▸ Data provided:
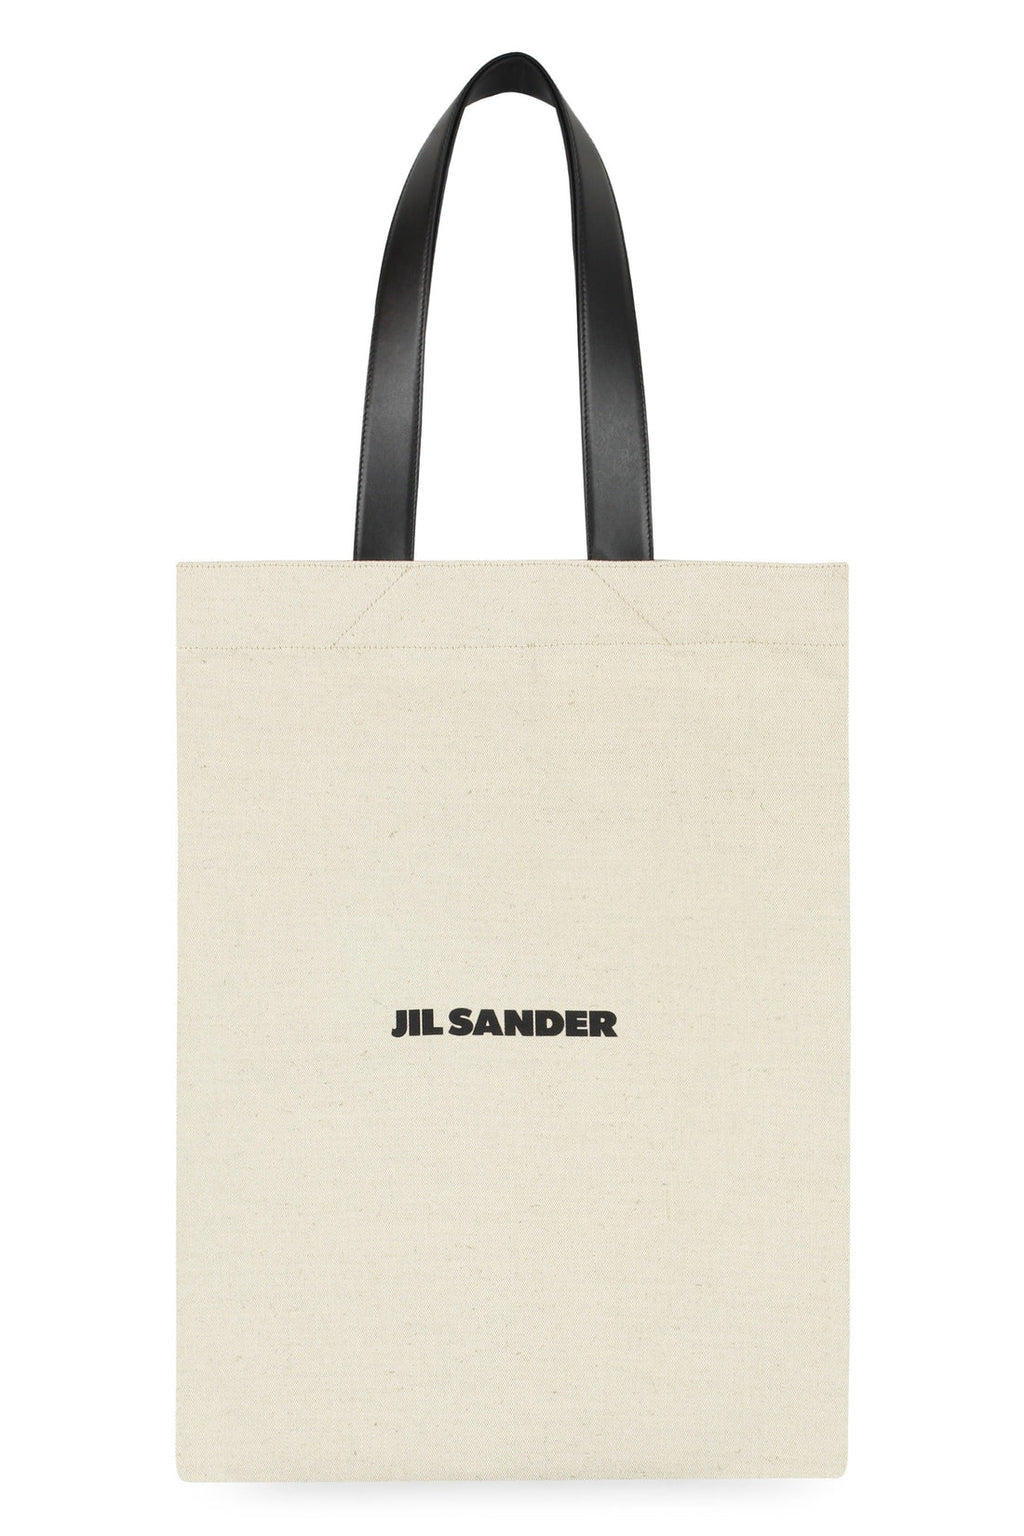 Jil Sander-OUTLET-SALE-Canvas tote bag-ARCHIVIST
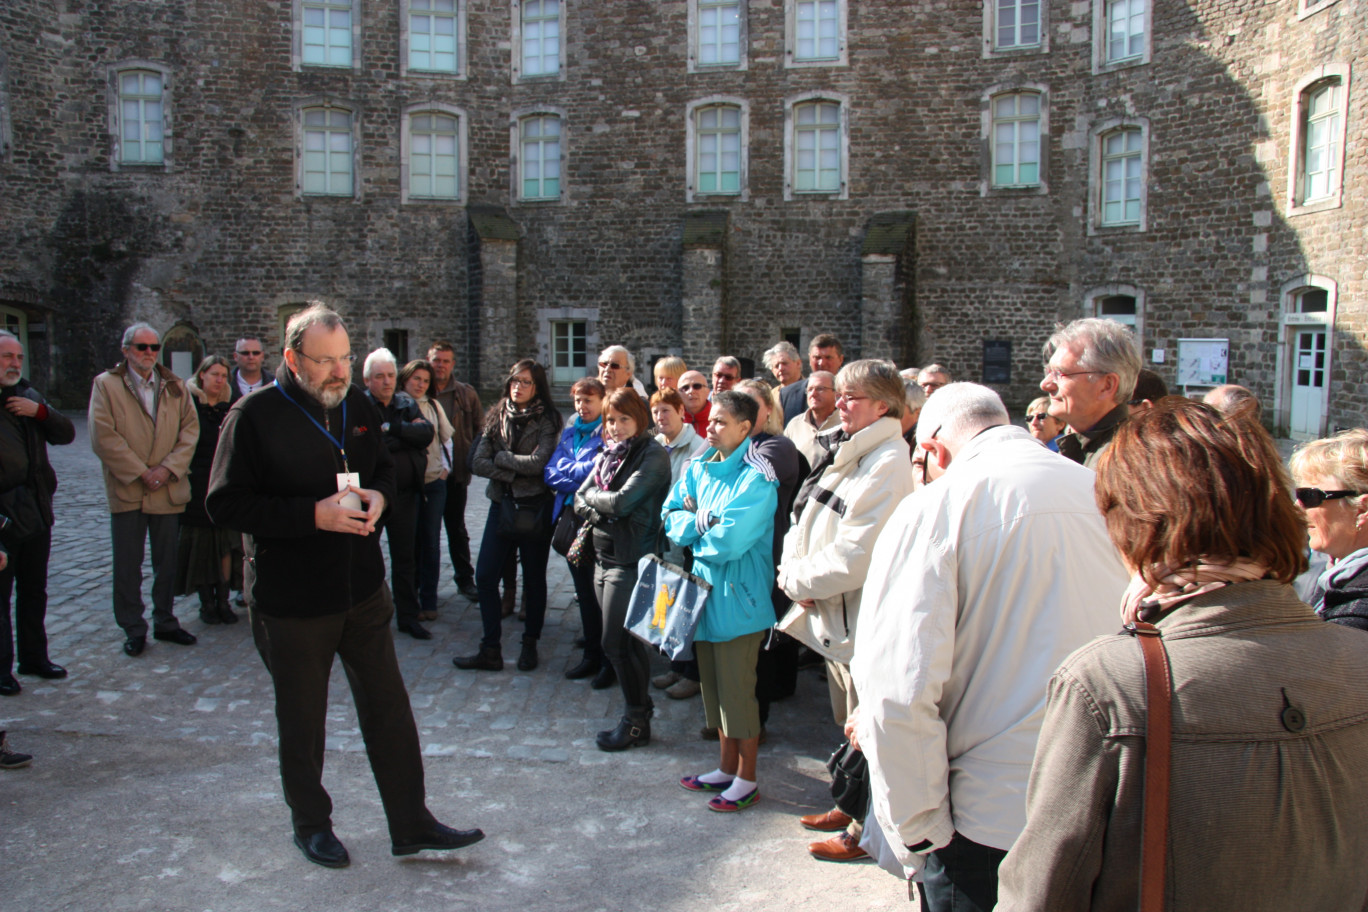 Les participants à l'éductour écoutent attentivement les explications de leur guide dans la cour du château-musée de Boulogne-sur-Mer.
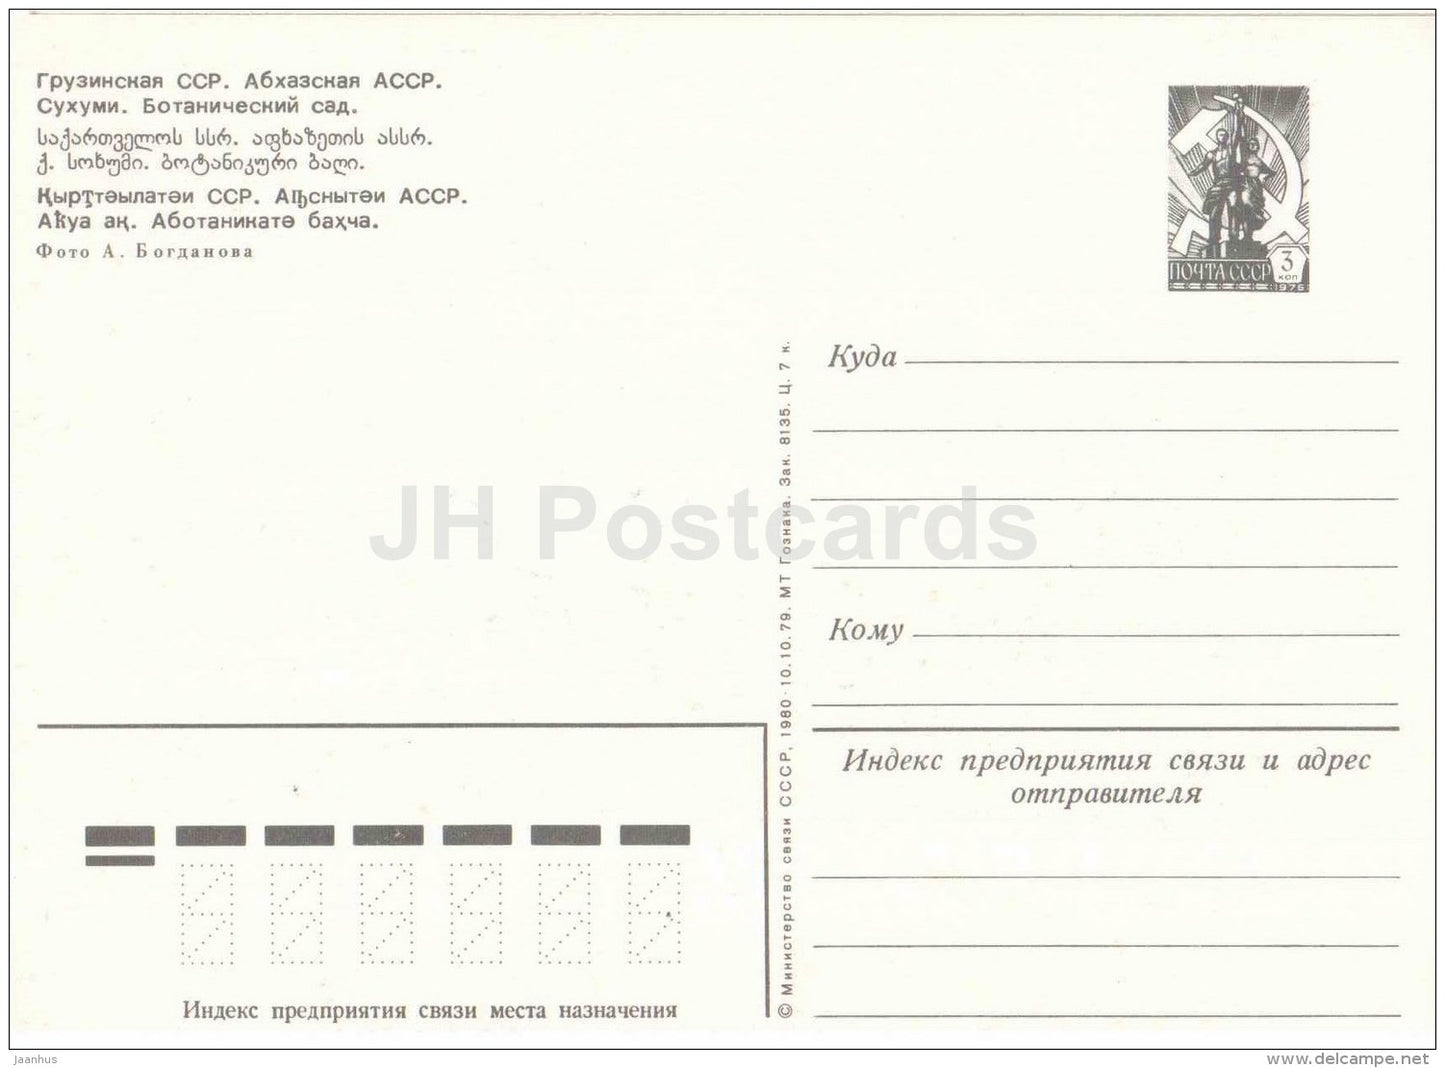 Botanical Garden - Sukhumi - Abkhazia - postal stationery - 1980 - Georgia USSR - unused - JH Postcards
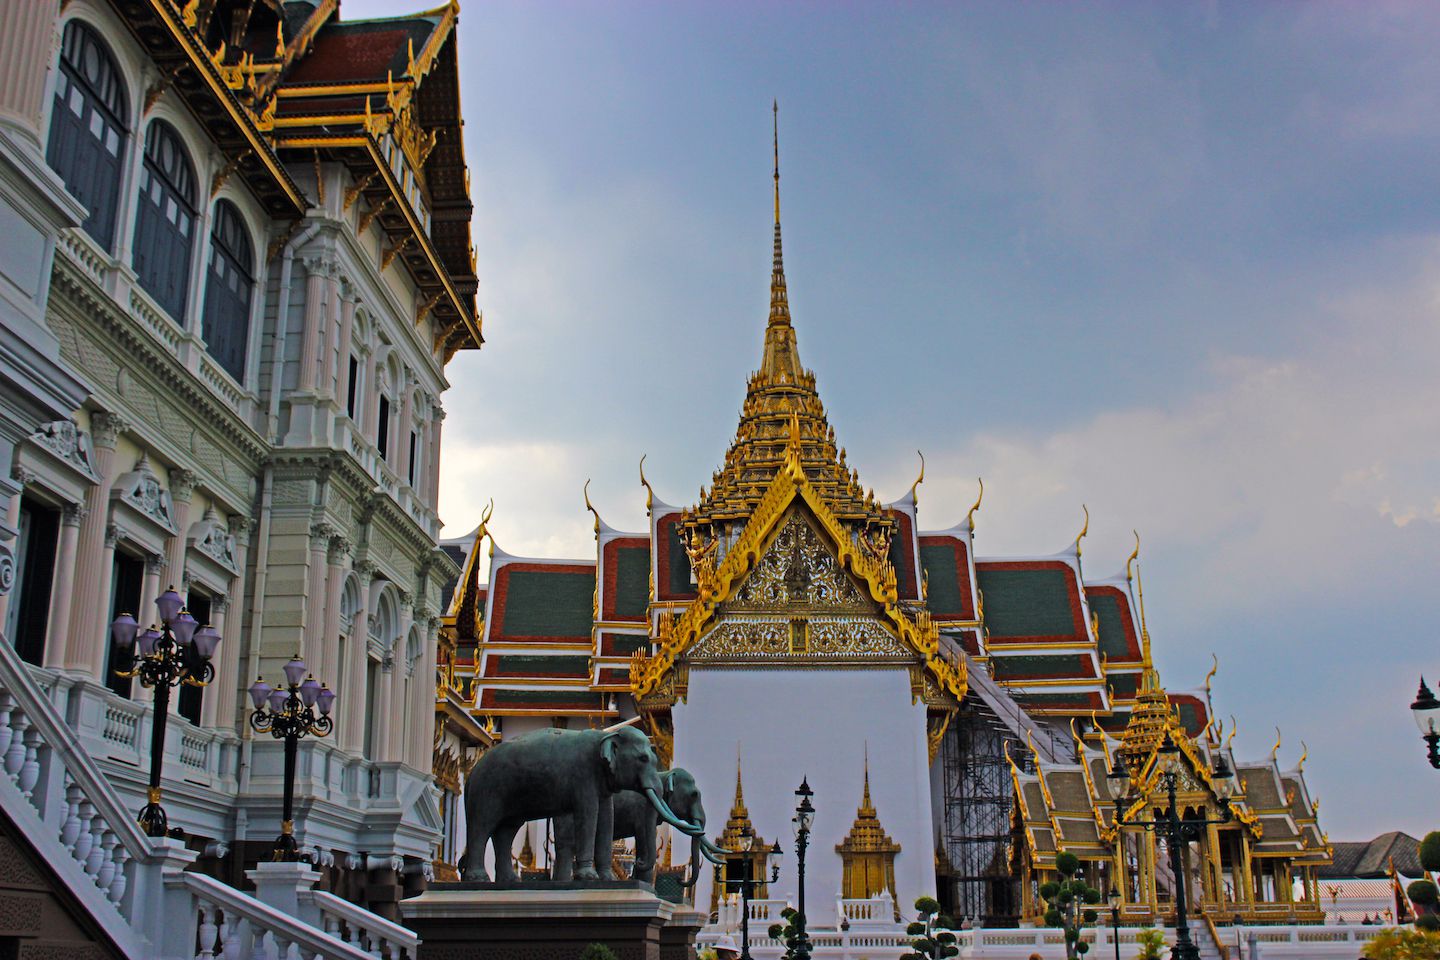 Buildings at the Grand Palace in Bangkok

▸ What the task requires: Repeat exactly the lines above, from the line that contains "Les participants à" down through the line that contains "Botanical Garden - Sukhumi". Include both of those lines and none of the pictures.

▸ Response box:
 Les participants à l'éductour écoutent attentivement les explications de leur guide dans la cour du château-musée de Boulogne-sur-Mer.
 Botanical Garden - Sukhumi - Abkhazia - postal stationery - 1980 - Georgia USSR - unused - JH Postcards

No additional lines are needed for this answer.